WORK TO COMPLETE: Images should be omitted while the rest of the data is duplicated exactly.

DATA EXCERPT:
- - - - - - -

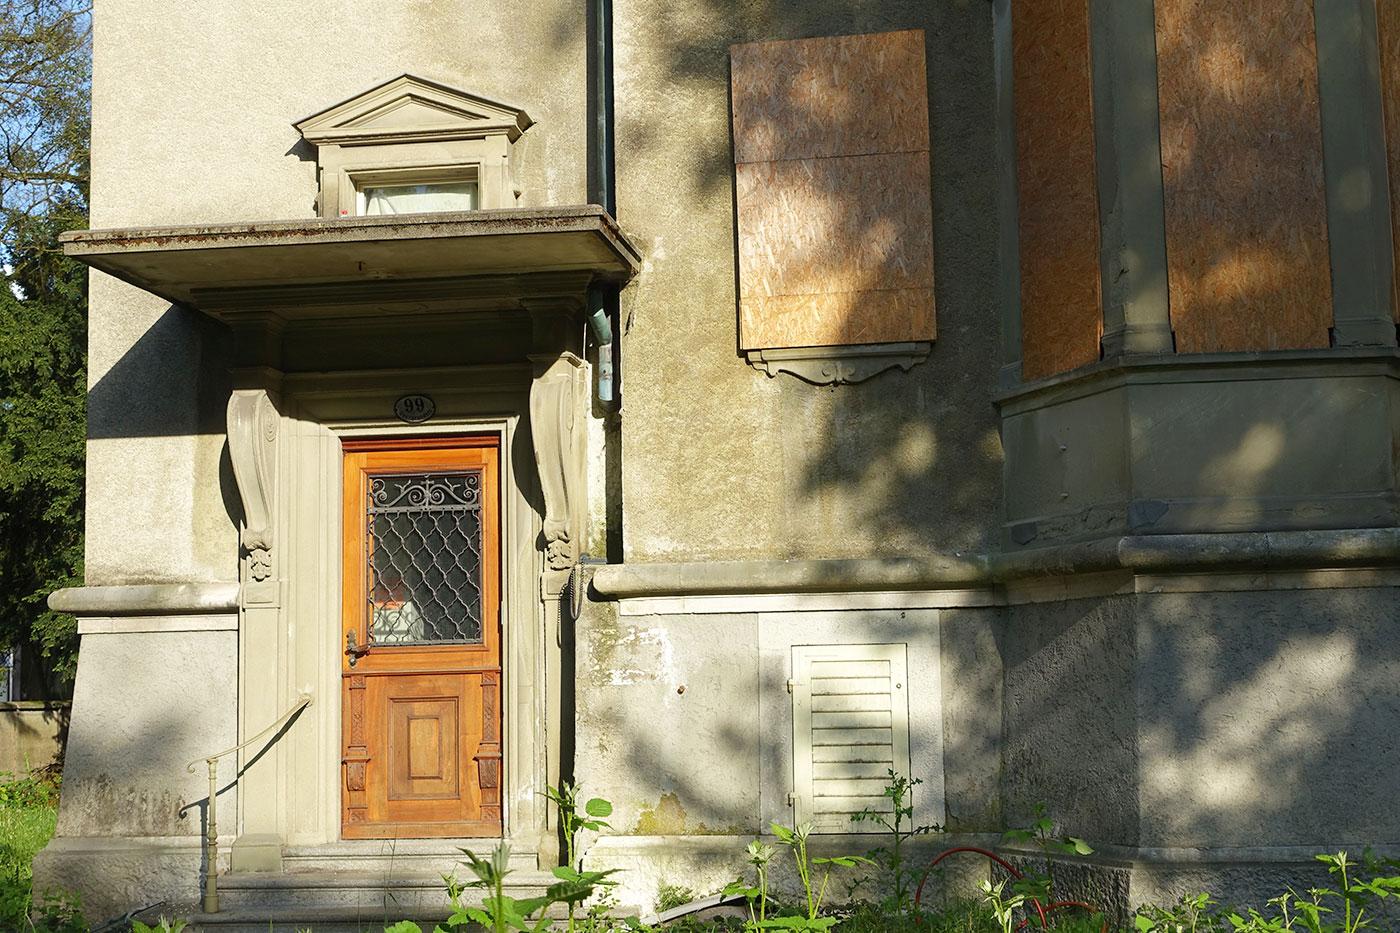 Eingang zur ehemals besetzten Villa an der Obergrundstrasse 99.
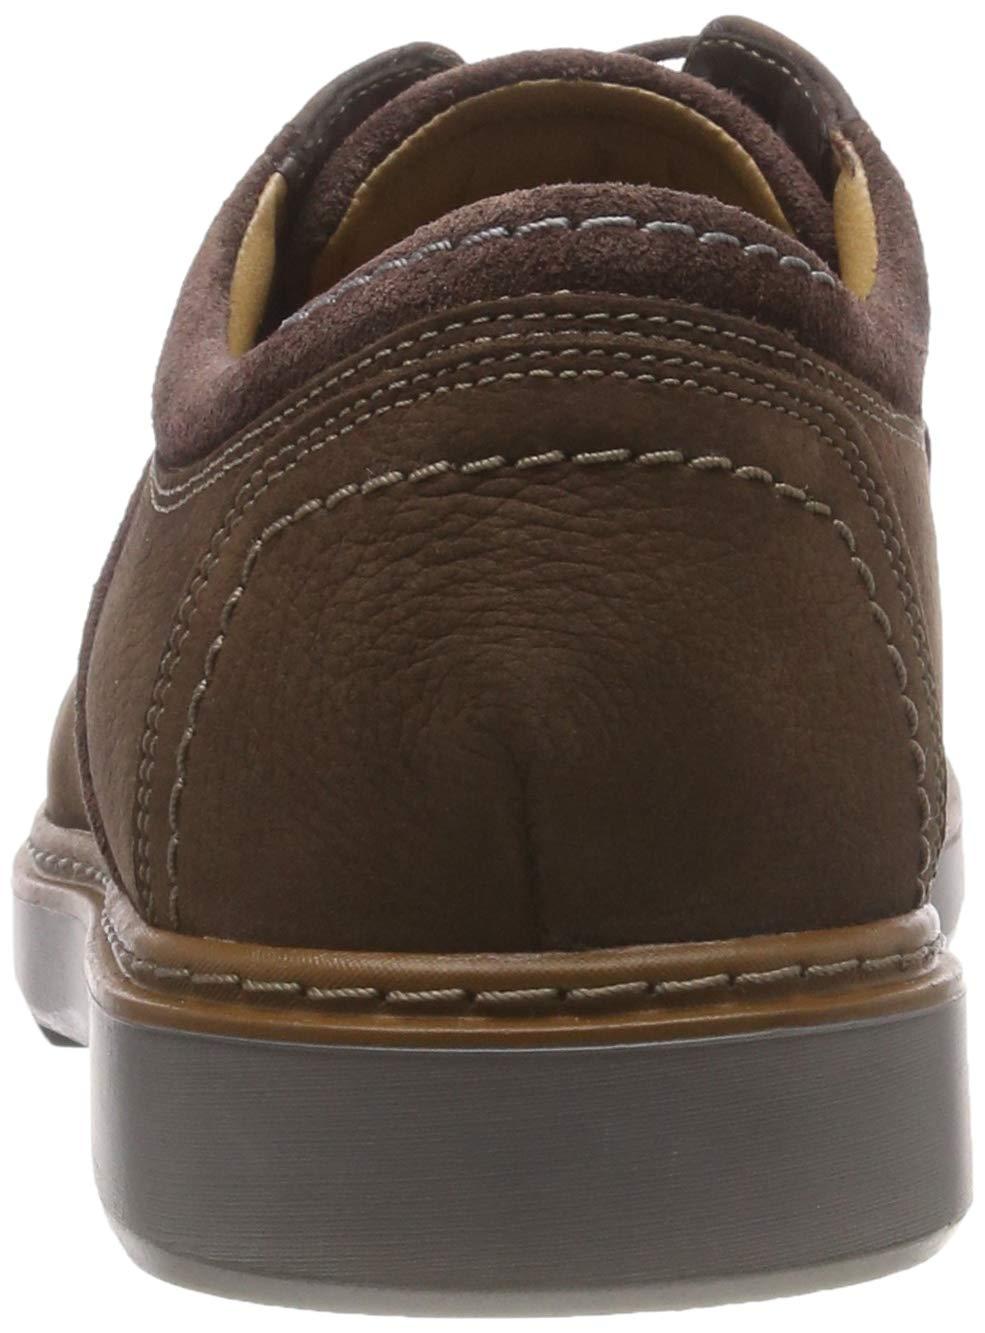 Zapatos para Hombre Clarks UN GEO LACE
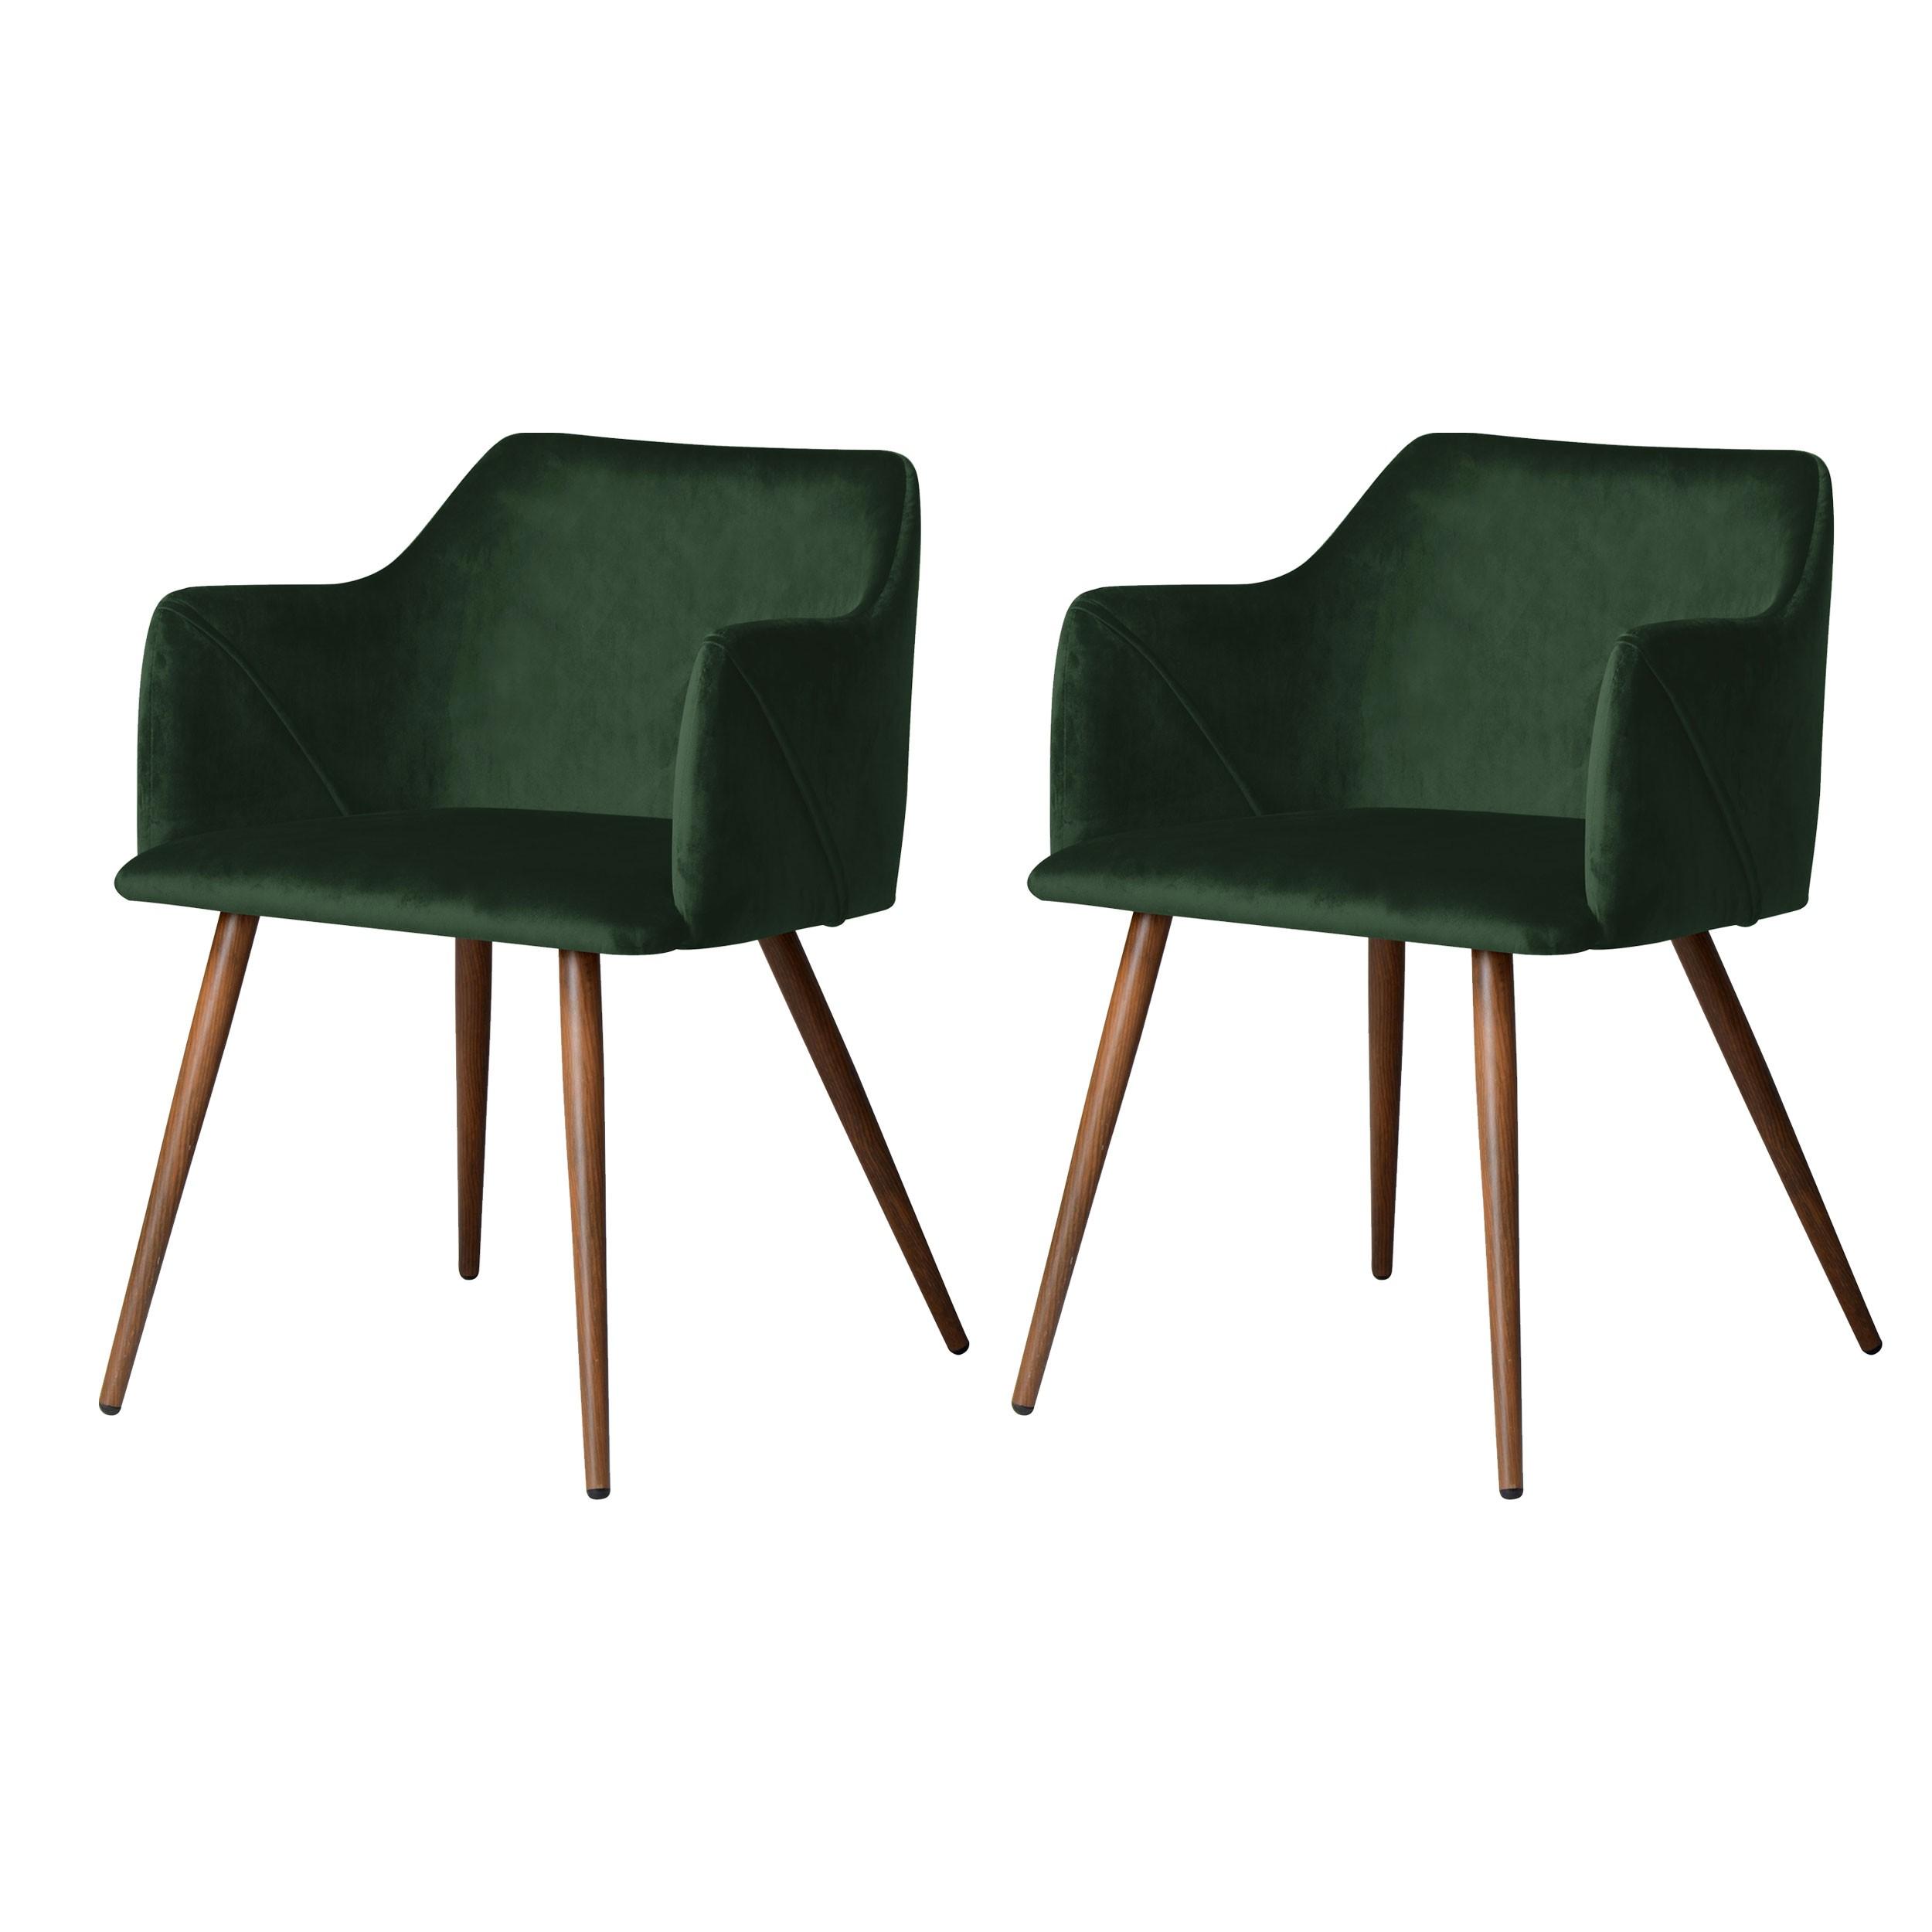 acheter chaise velours vert fonce

- - - - - - -

EXERCISE ANSWER:
 Eingang zur ehemals besetzten Villa an der Obergrundstrasse 99.
 Zapatos para Hombre Clarks UN GEO LACE
 acheter chaise velours vert fonce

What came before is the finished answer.